Myths and Truths About Critical Race Theory

MYTH: CRT is being taught - or pushed into public school curricula.

TRUTH: CRT is not taught in a single K-12 public school in the United States, according to a recent article in USA Today. Critical Race Theory is taught mainly at college and grad school levels.


MYTH: Teaching about racial inequity is new.

TRUTH: Since the 1940s, many public K-12 children have been taught our nation’s history of Native American genocide, the legal enslavement of African Americans, the U.S. Chinese Exclusion Act, and the WWII internment of Japanese Americans.

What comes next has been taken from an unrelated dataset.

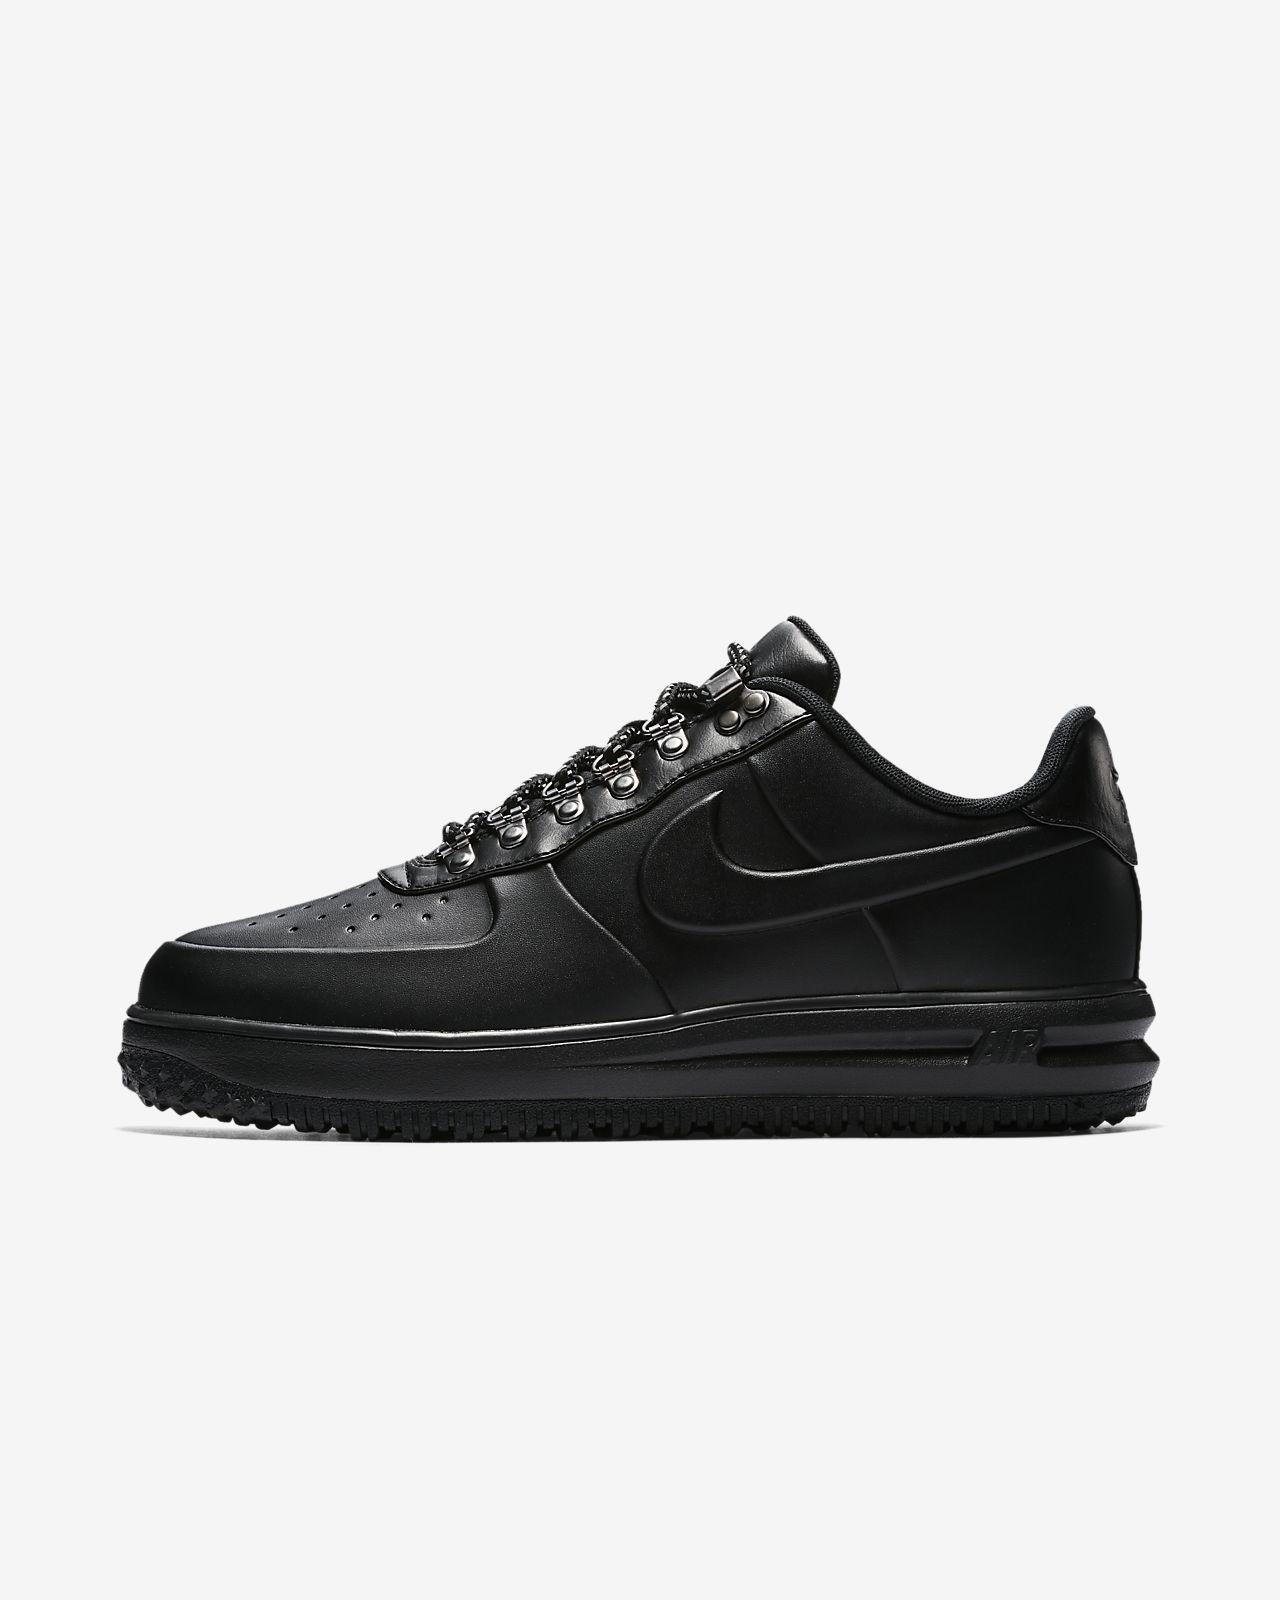 new product 6b66b 07f32 Nike Lunar Force 1 Duckboot Low Men s Shoe

Many modern K-12 curricula include lessons on the U.S. Civil Rights Movement, Martin Luther King Jr. and Rosa Parks, Cesar Chavez and the Latinx farmworkers movement, South African apartheid, Nazi atrocities under Adolph Hitler, etc.


MYTH: CRT is “racist” against white people.

TRUTH: The goal of CRT is to take the focus off blaming individuals and to instead address the institutional and systemic laws, rules, and practices that keep racism in place. The hard truth about systemic racism is that it happens without the action and knowledge of individual persons.


MYTH: CRT seeks to divide our nation.

TRUTH: Our church and nation are already racially divided. Most Christians worship largely in segregated racially homogeneous sanctuaries. Conversely, one of the main drivers of diversity in inter-racial Christian congregations typically become so because they are doing the hard work of acknowledging and confessing the sin and harm of racism. As such, they are following Jesus in uniting across racial lines, engaging in anti-racism work in order to help heal their communities and their churches.


MYTH: Color-blindness and not focusing on race is the best way to address racism.

TRUTH: God created humanity in all skin colors, languages, and cultures. Knowing and speaking about differences is not divisive. Rather, it is individual and system bias benefiting one group of God’s people over another that causes division and strife.


MYTH: CRT is anti-Christian and conflicts with Biblical teaching.

TRUTH: CRT is one method for examining how social systems operate, with the goal of discovering what works and what doesn’t when it comes to improving the human condition. For persons of faith seeking to know and do God’s will, it can be helpful to find tangible ways to work toward greater racial reconciliation, whereby all God’s people can flourish here on earth.